After making the decision to endure a pregnancy (the gift of a bigger home in Berkeley was part of the deal), Mom immediately stopped smoking, refrained from even an occasional social drink, rigorously followed the exercise, diet, and nutritional supplement program prescribed by Grandpa, and, after I was born, breast-fed and cared for me ideally. But on my ninety-second day, as I was settling into my new home—Grandpa and Grandma’s world of science and flowers and love—Mom resumed smoking, popped the cork on a bottle of champagne, and danced with Dad on Stinson Beach to celebrate the resumption of her life.

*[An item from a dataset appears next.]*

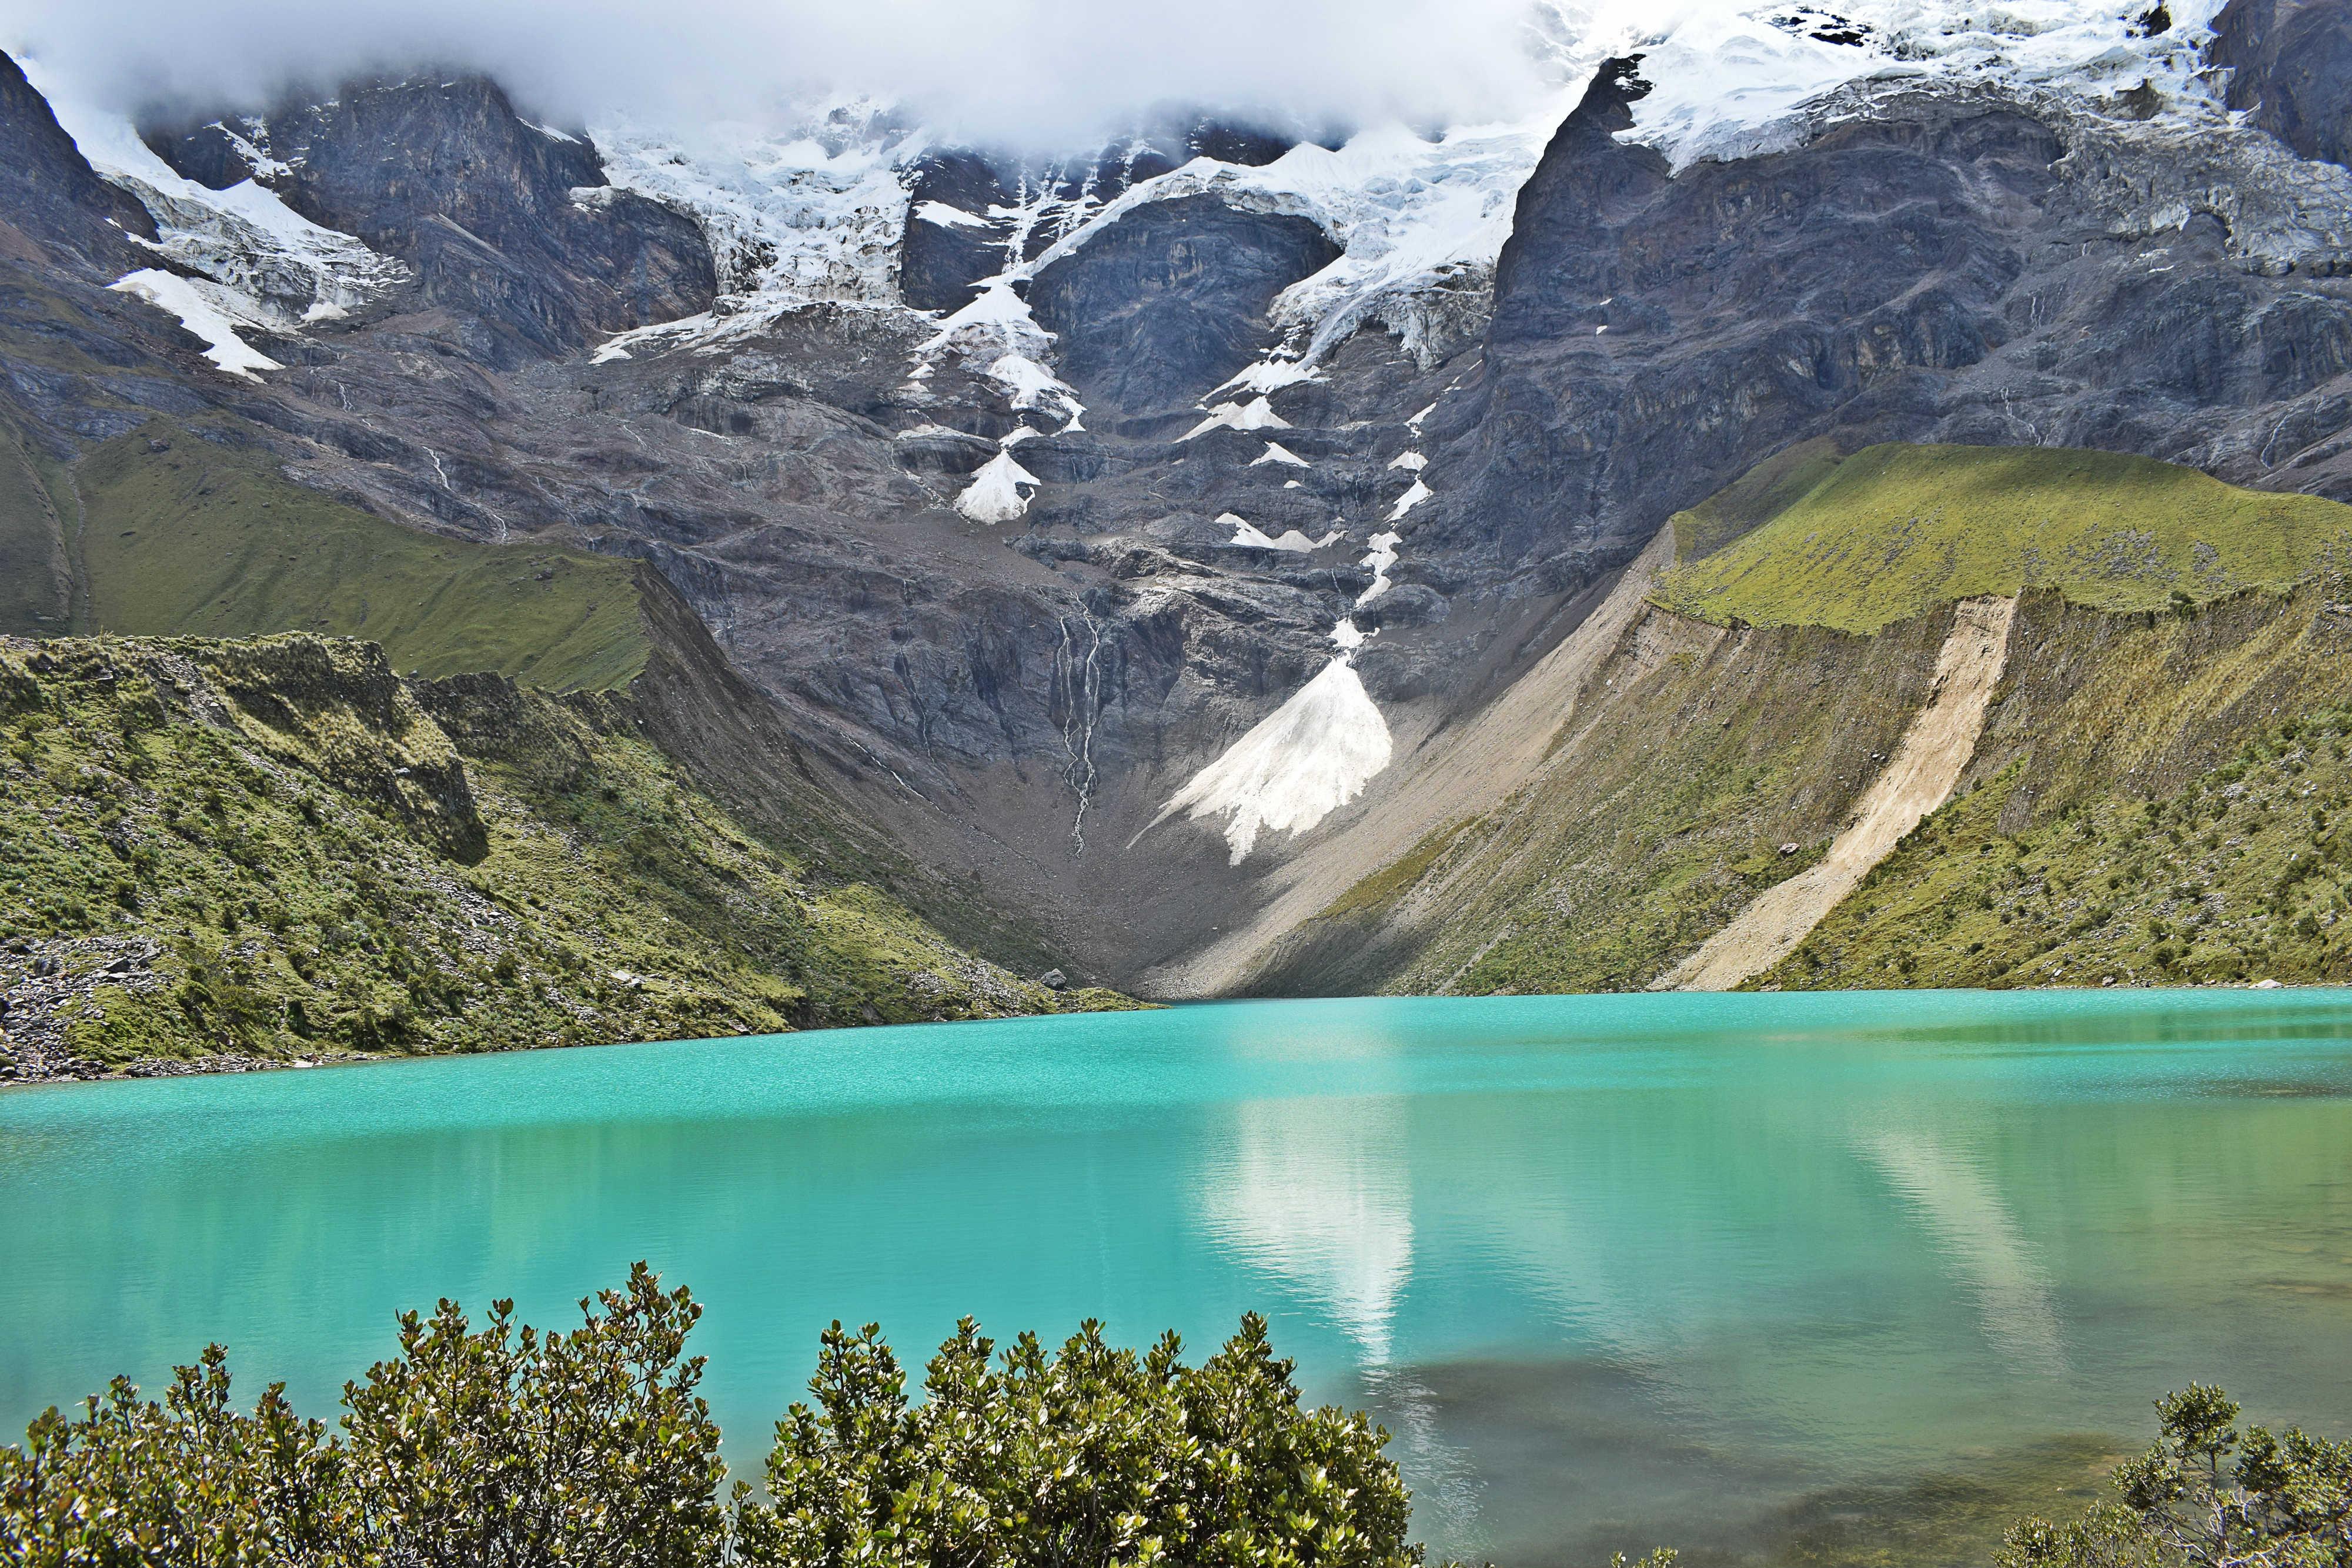 Salktantay to Machu Picchu Trek 3

That, at least, is the story I gleaned from hearing Grandpa and Grandma speak about how I came to be—and ho
w, to my parents, I rated a distant second to my older, non-biologic brothers.
But I wonder—now, after discovering so many secrets and lies—whether I really came to be in that manner. Perhaps, even before the dilated-pupil conception, Grandpa had intended me to be a part of his next and most daring project. Perhaps he even went so far as to surreptitiously foil Mom and Dad’s birth-control methods, methods nearly certain not to fail. Then again, perhaps Mom and Dad were in on it all along.
During my first years with Grandpa and Grandma, I wasn’t permitted to venture out alone beyond the walls enclosing the high-security home they had built into the side of a vineyard hill. There were bad people out there, I was told, fanatics who hated Grandpa for the work on robotics and emergent intelligences that he and his company, Magnasea, had done for the military—people who would, if we weren’t careful, kidnap and hurt me.
Not only did these threats darken my imagination of humanity in the outer world, they also darkened my perception of nature beyond the walls, such as of the old valley oak tree that stood alone atop a hill just east of our yard. My first memory of this tree comes from an overcast, misty winter morning when I was riding on Grandpa’s shoulders. He stopped directly in front of the ivy-covered wall, and I pushed myself up with my palms against the top of his head to peek out at the world beyond—and there it was, this ancient tree, silhouetted against a gray sky. Tattered rags of pallid green beard lichen drooped from its many-jointed, crooked arms, which rose pleadingly in all directions. Perched on a bleak, leafless arm a lone crow cawed, without answer, before spreading its lustrous wings and becoming a lampblack kite, fluttering, gliding, crying to the leaden sky.
Nor did all dangers lurk out there with the fanatics, the craggy oak tree, and the crow. I was fair-skinned, with white hair, and Grandpa insisted I stay out of the sun. Thus, the sun-curfew of my early years: no playing outside from 0800 to 1800, May through August; from 0900 to 1700, March, April, September, and October; and from 0900 to 1500, November through February. I learned to love the sun low in the often multicolored sky, the soft slanting light, the shadows grazing leisurely across the lawn. During those early mornings and late afternoons, I hugged trees and rubbed leaves and petals between my fingers to memorize their smells. I watched hummingbirds, bees, and butterflies flit from blossom to blossom and giggled and shivered as bugs crawled up and over my hands and arms. But all the while, because of Grandpa’s warnings, I avoided the dangerous brightness of the sun, staying where he wanted me—in the foliage of shadows.